As a manner, the content output unit 640 is specifically configured to display the recognition result. The content output unit 640 is further configured to display a second trigger control; in response to a touch operation acting on the second trigger control, display a lock interface, and the lock interface includes a , the image displayed by the electronic device, and a prompt identifier corresponding to the specified content in the displayed image. The content output unit 640 is further configured to resume real-time display of the collected images in response to the first operation.

As a manner, the content output unit 640 is specifically configured to display the recognition result. The content output unit 640 is further configured to display a third trigger control; in response to a touch operation acting on the third trigger control, an operation menu is displayed, and the operation menu includes at least one operation control, and each operation control corresponds to The operations are different; in response to the touch operation acting on the operation control, the operation corresponding to the operation control with the touch operation is used as the target operation; and the target operation is performed on the recognition result.

Optionally, the content output unit 640 is specifically configured to use the scene image corresponding to the scene expressed by the semantics of the recognition result as the background image if the specified content is text content.

Optionally, the content output unit 640 is specifically configured to use an image corresponding to a keyword in the recognition result as a background image if the specified content is text content.

Optionally, the content output unit 640 is specifically configured to fuse the recognition result and the background image into one image to obtain a fused image; and display the fused image.

Optionally, the content output unit 640 is specifically configured to display the background image, and suspend the recognition result on the displayed background image.

Optionally, the content output unit 640 is specifically configured to, if the specified content is text content, enlarge the size of the recognition result before displaying it.

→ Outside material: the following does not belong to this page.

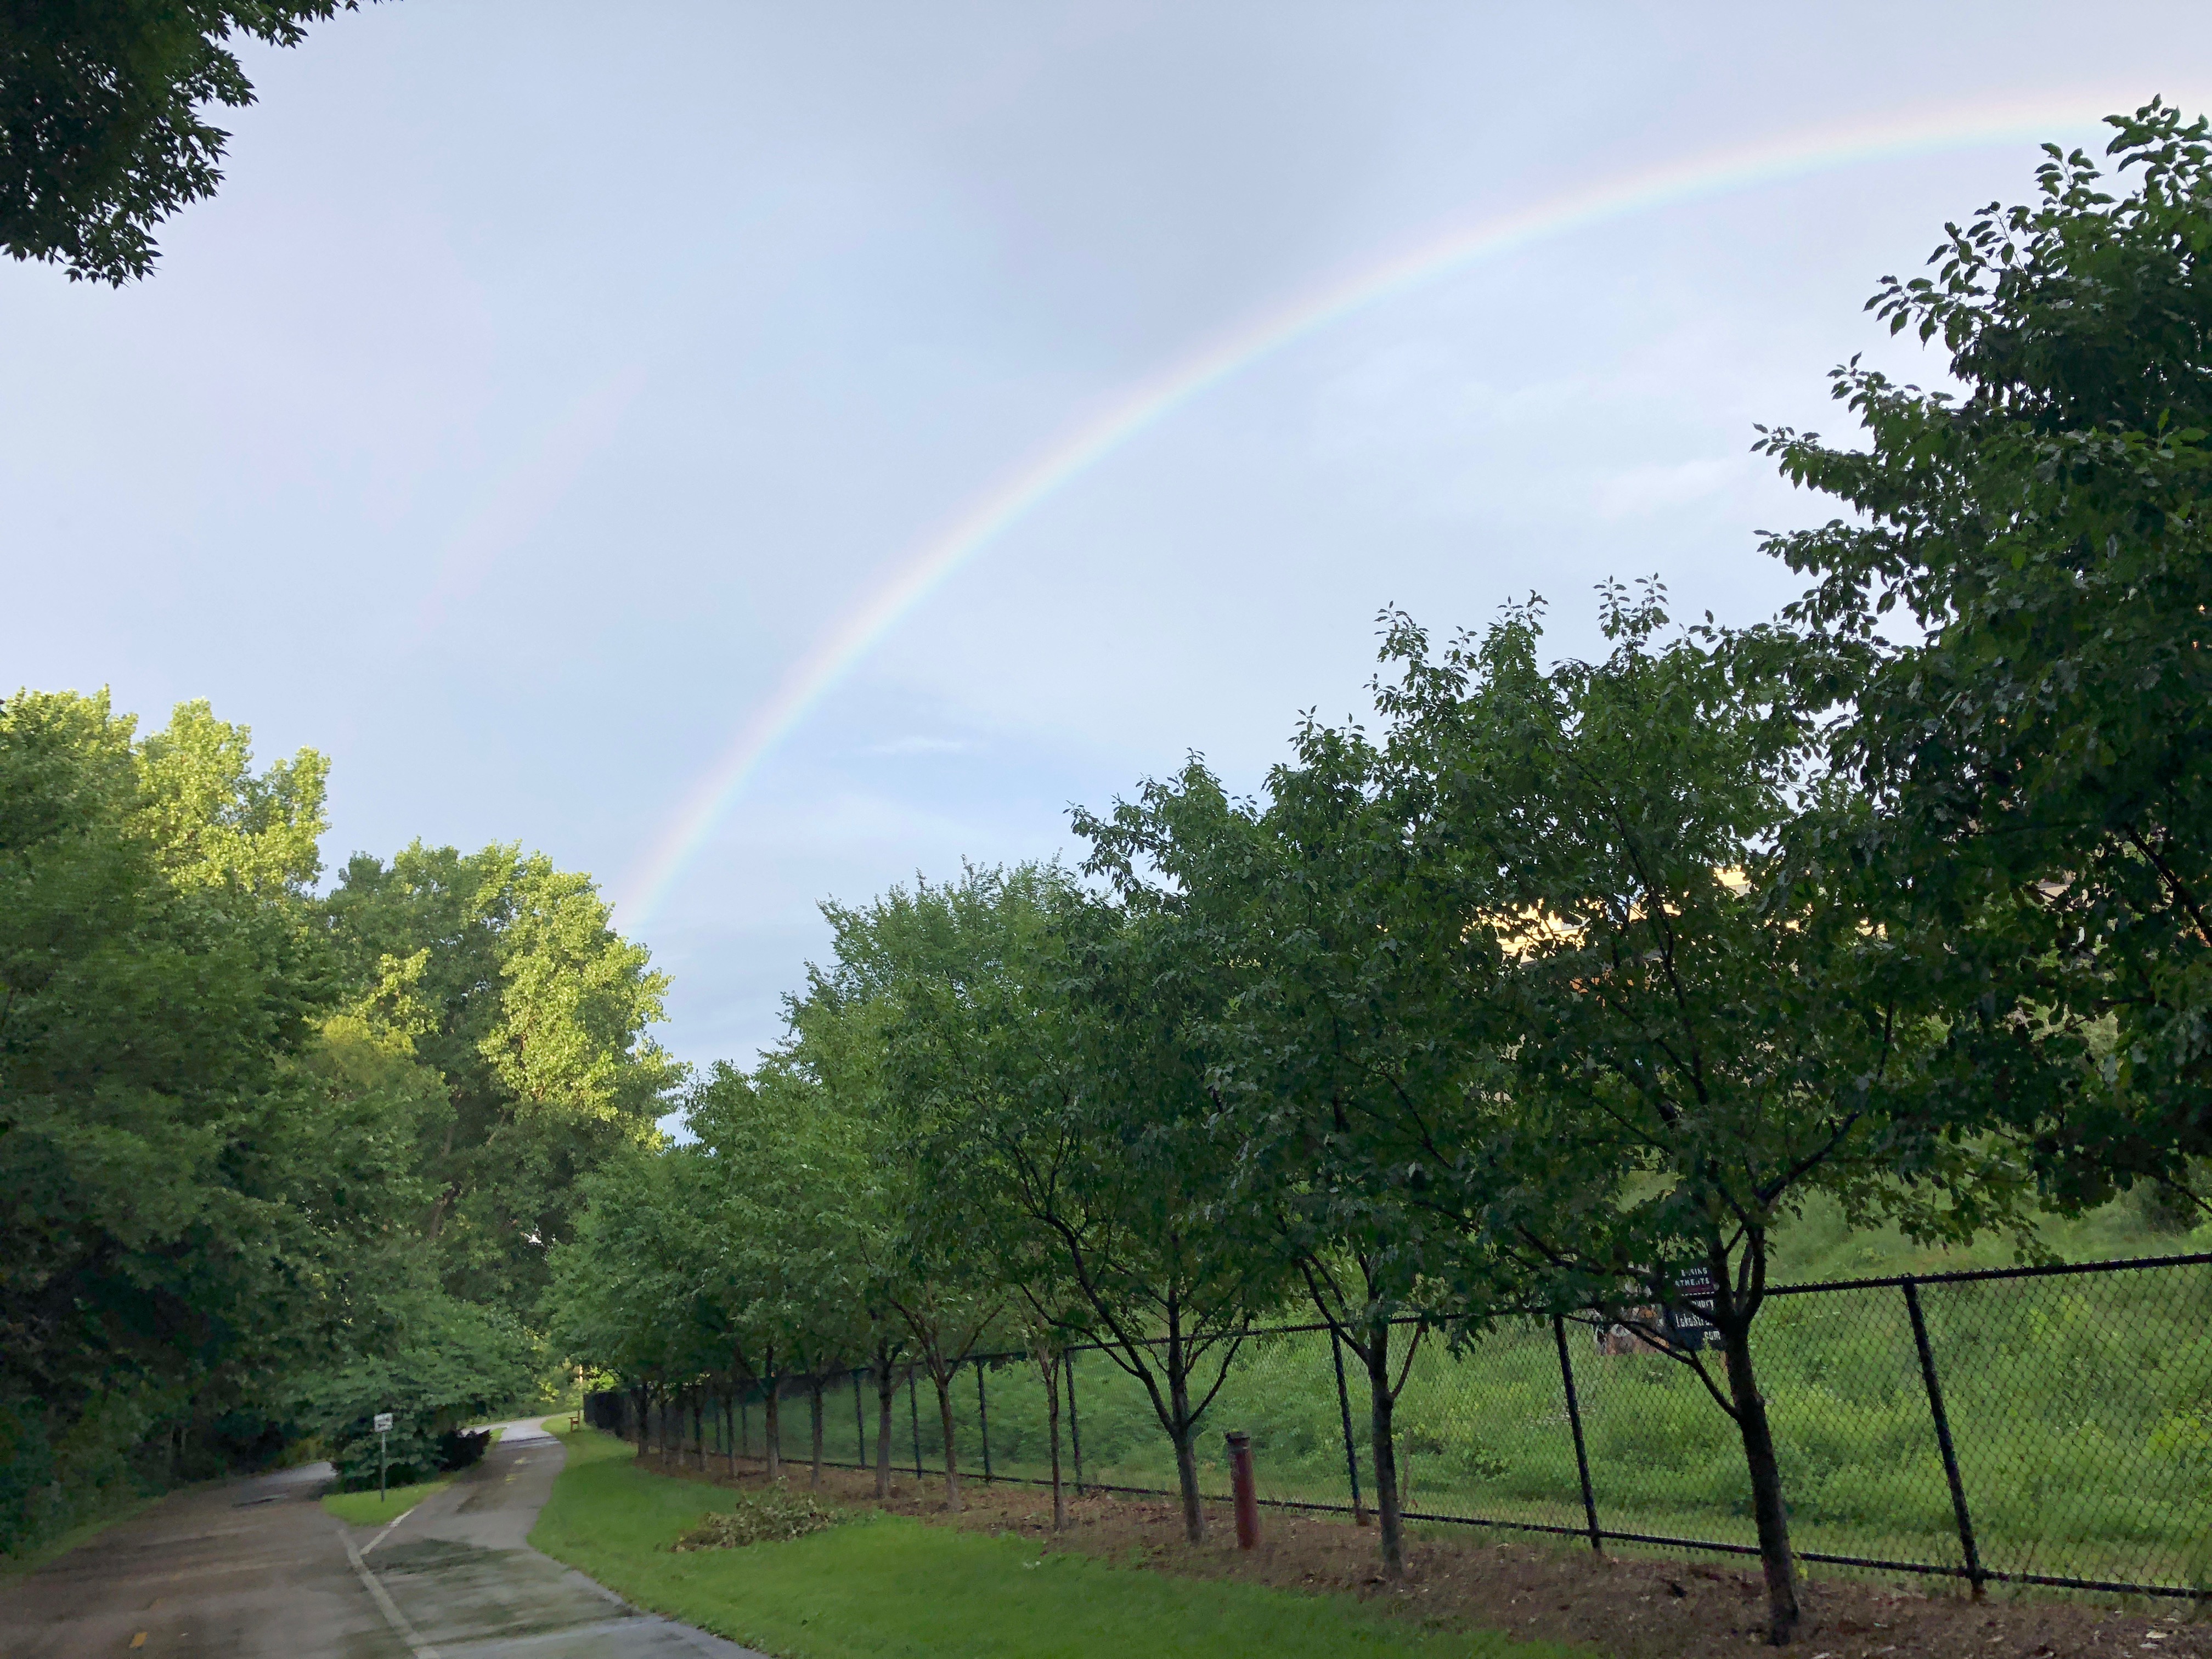 greenway rainbow summer 2018

As one manner, as shown in FIG. 21 , the device further includes: a zoom unit 650 configured to perform zoom processing on the captured image in response to a zoom request. Optionally, the zoom unit 650 is specifically configured to detect whether the object in the selected area is fully displayed if there is an area selection operation acting on the image displayed in real time; if it is fully displayed, generate a zoom request for increasing the size , the size-increasing zoom request is used to completely display the object in the selected area with a first target size; in response to the size-increasing zoom request, zoom processing is performed on the captured image. If it is not fully displayed, generate a zoom request for reducing the size, and the zoom request for reducing the size is used to display the object in the selected area with a second target size; responding to the zoom request for reducing the size , to perform zoom processing on the captured image. Wherein, the specified content includes: text content or a target object.

The content recognition device provided by the present application can display the collected image in real time, and when the displayed image contains specified content, it can display a prompt mark at the specified content, and then respond to the action on the specified content. The touch operation of the above-mentioned prompt mark is used to identify the specified content and output the recognition result. Therefore, through the above method, when the electronic device is displaying the collected image in real time, after the electronic device automatically identifies the specified content appearing in the image displayed in real time by means of prompting and marking, it acts on the The touch operation of the prompt mark can directly trigger the electronic device to recognize the specified content, thereby simplifying the operation process of triggering the recognition of the image and improving the user experience.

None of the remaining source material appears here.